- [Work order]: There are pictures in the records below; leave them out and set down exactly the lines from the one holding "Ghana Fashion Awards 2012" through the one holding "Xamarin cross-platform app".

- [Source data]:
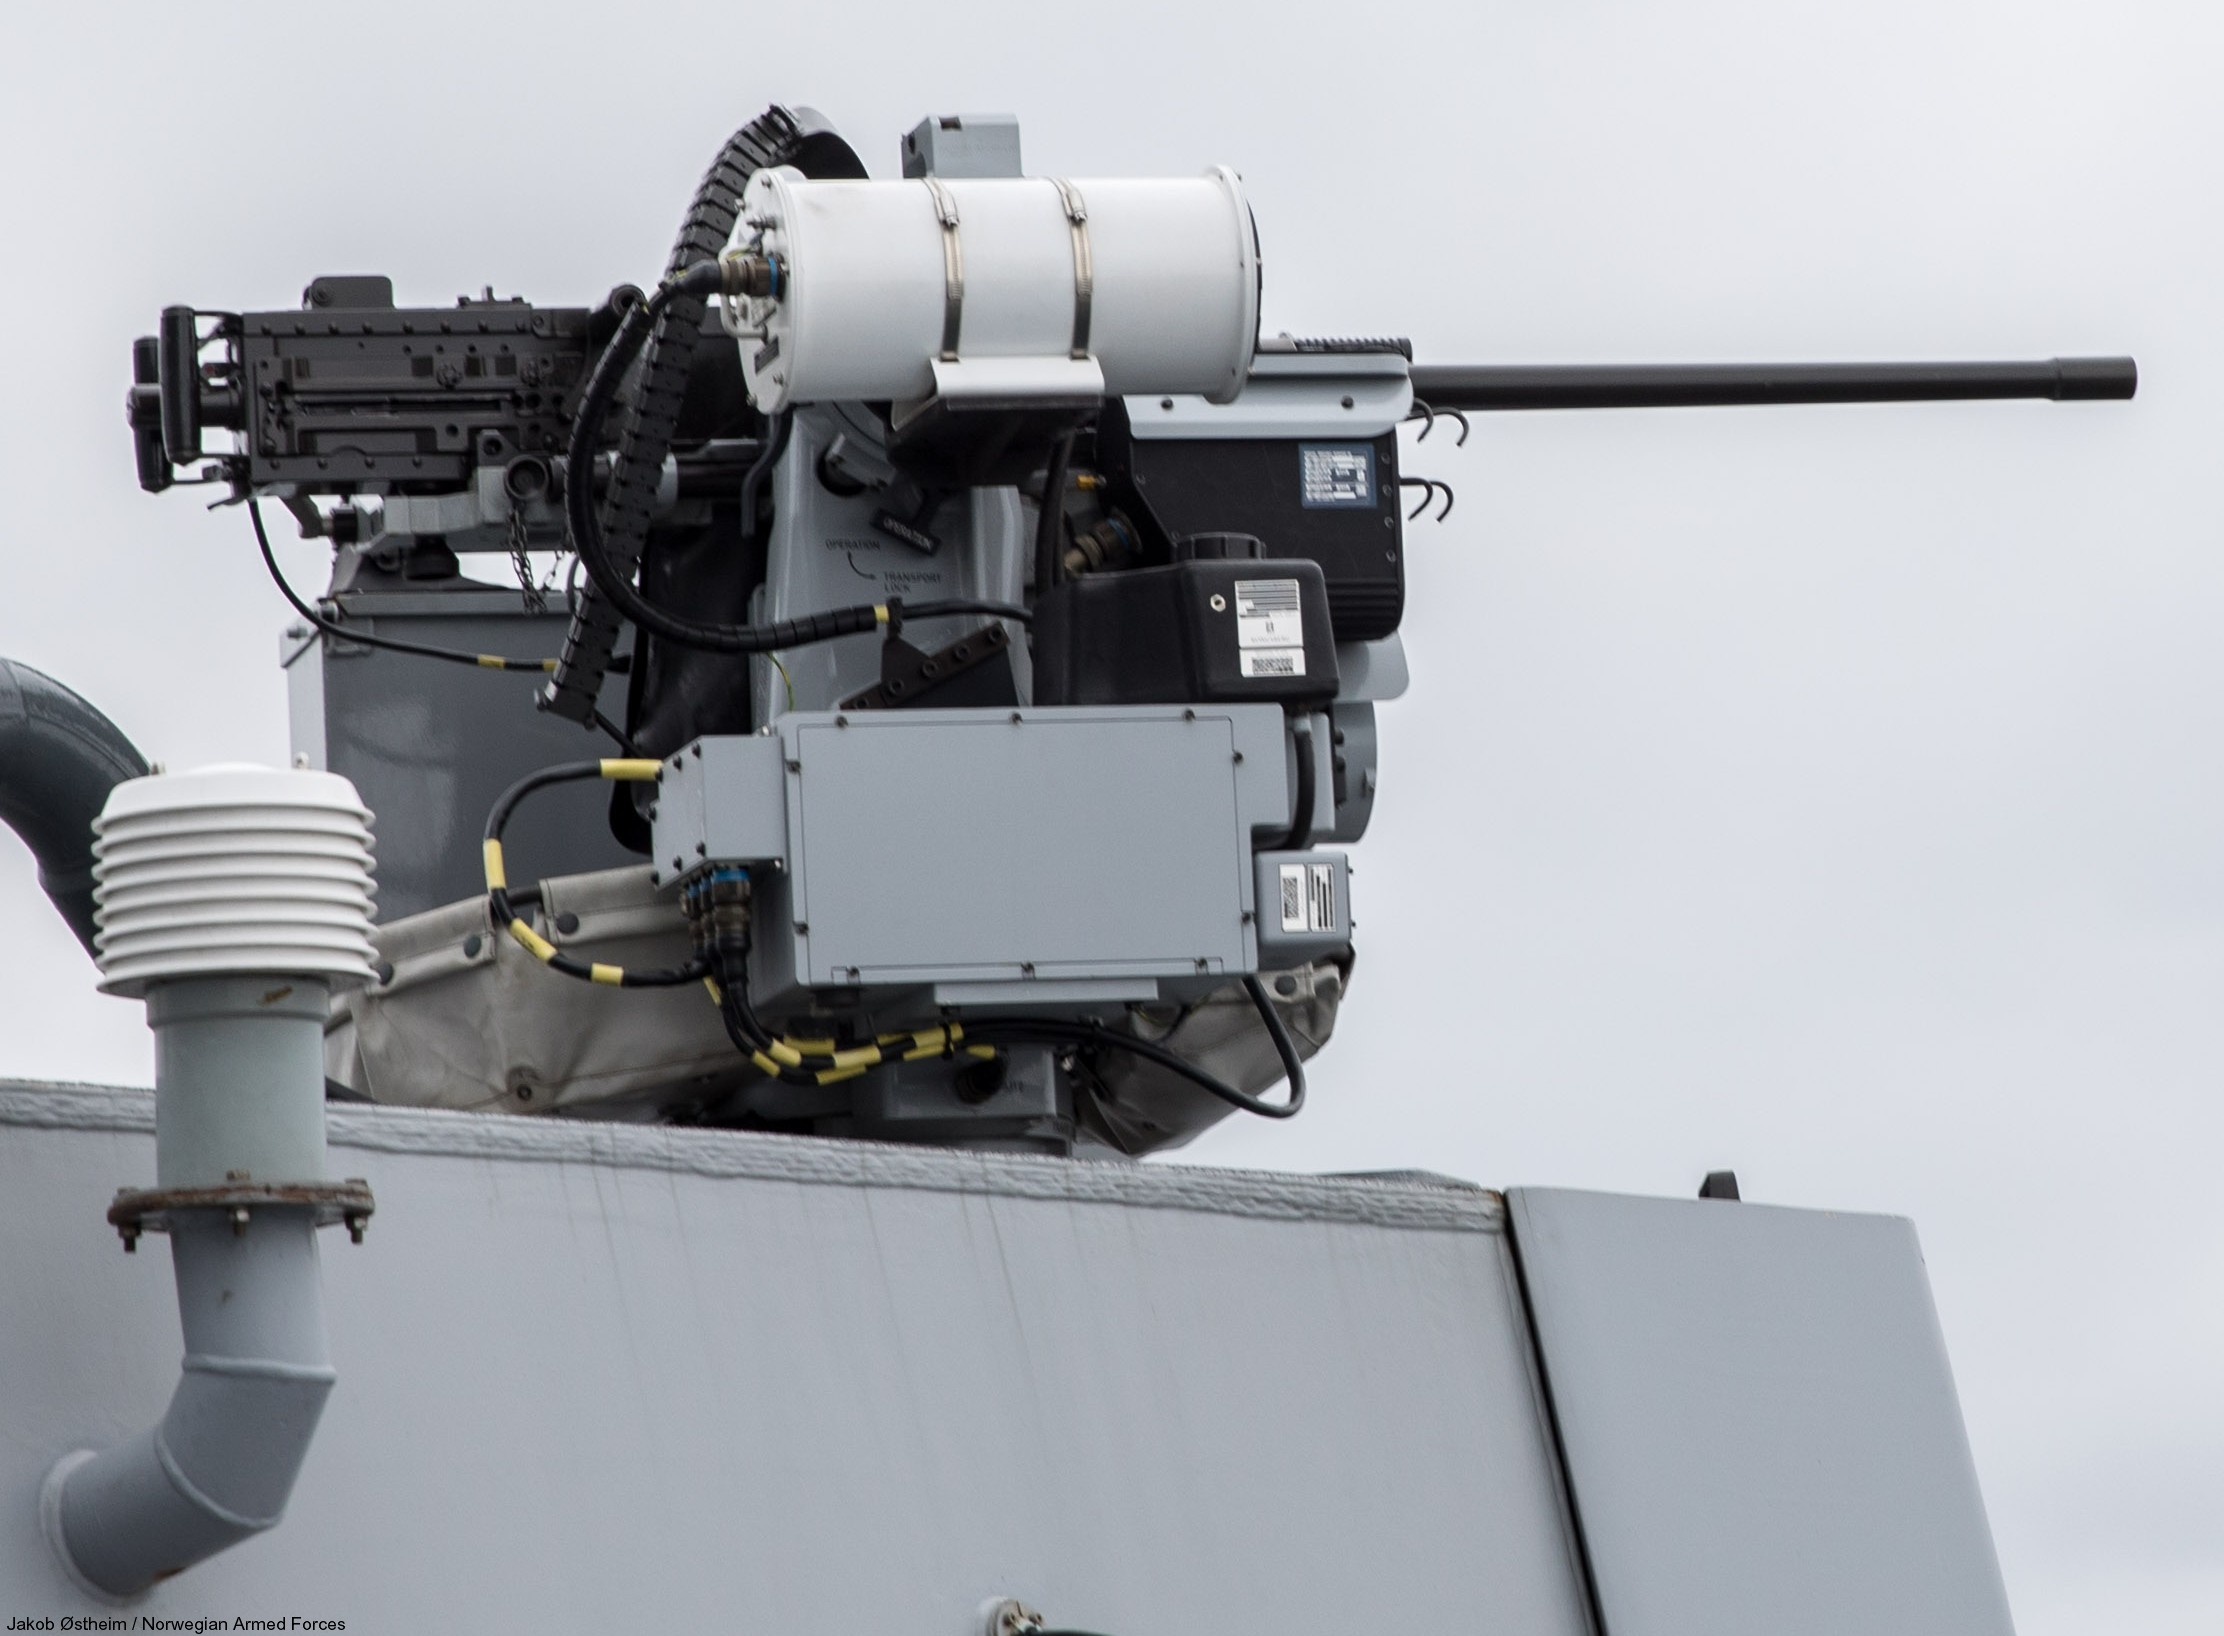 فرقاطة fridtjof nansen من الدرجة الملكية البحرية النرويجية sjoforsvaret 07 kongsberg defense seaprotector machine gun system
* * *
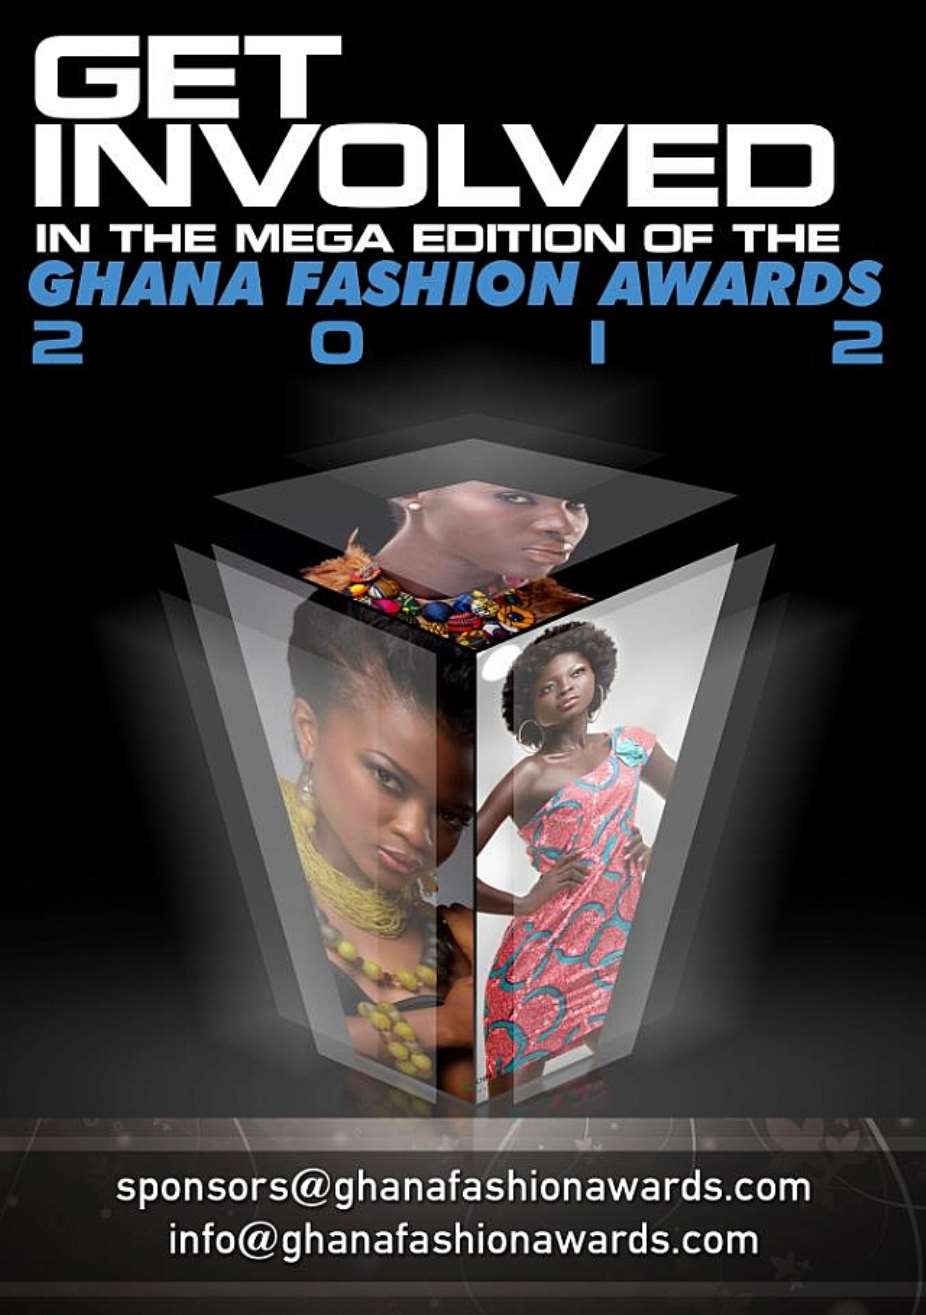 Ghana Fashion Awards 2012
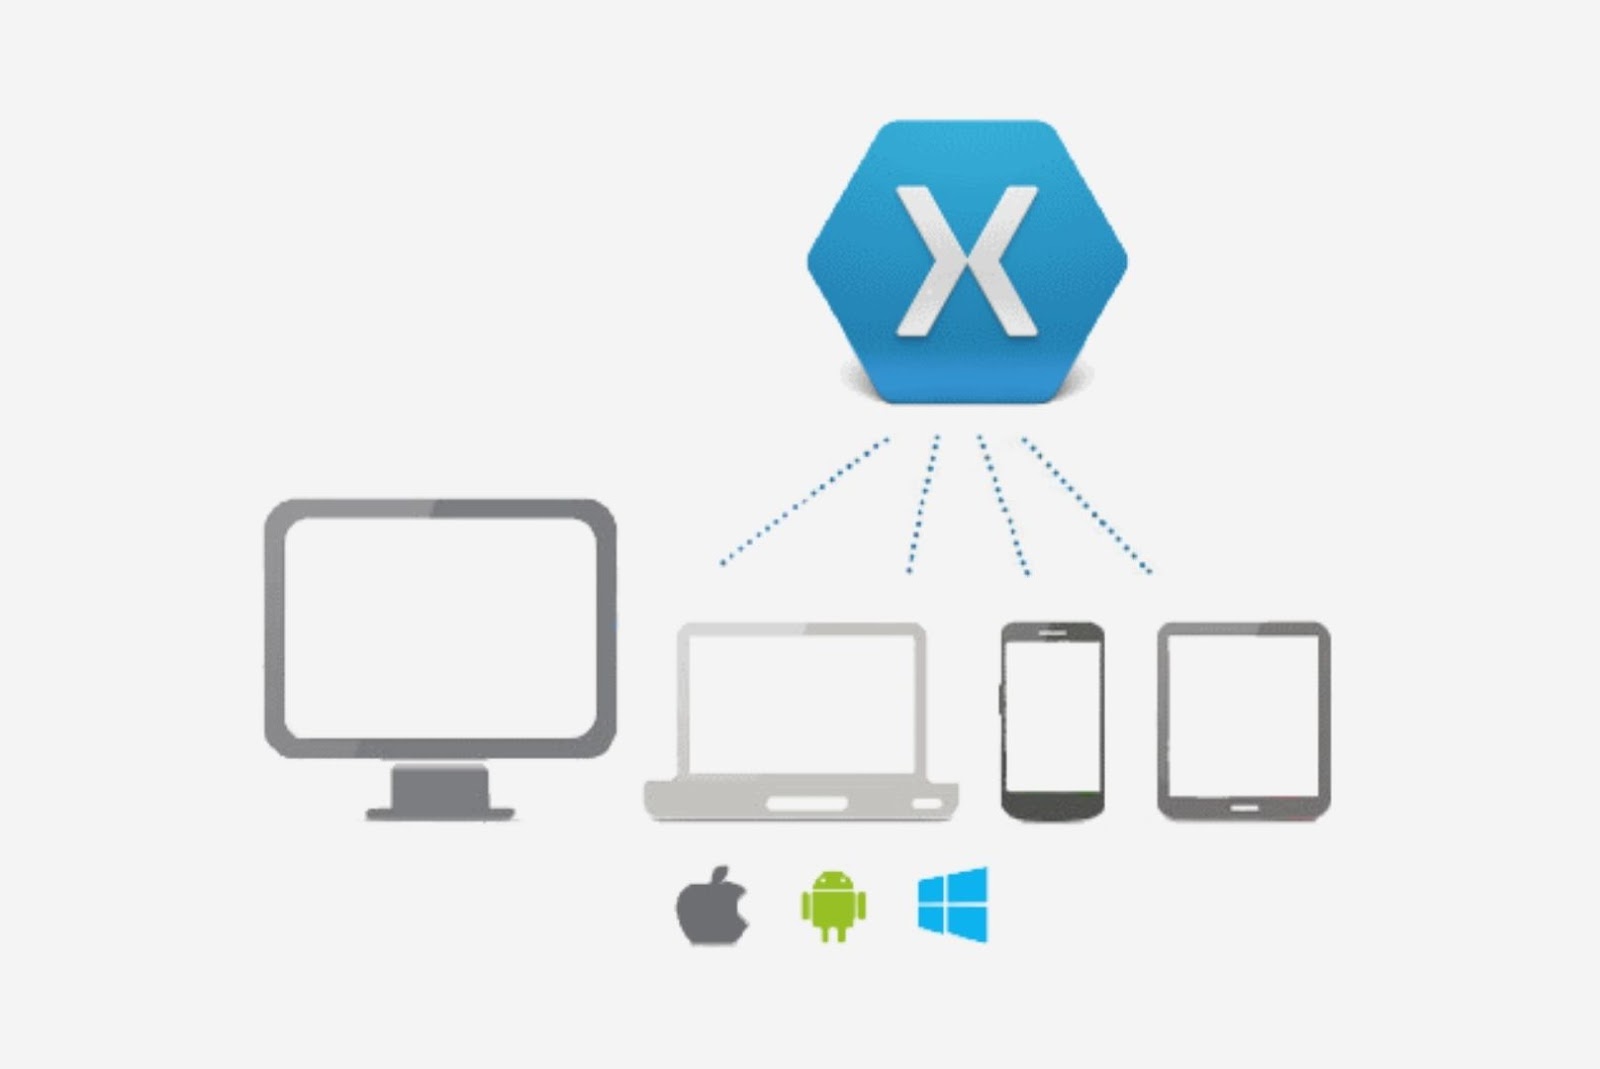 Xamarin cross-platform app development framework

- [Solved problem]:
 Ghana Fashion Awards 2012
 Xamarin cross-platform app development framework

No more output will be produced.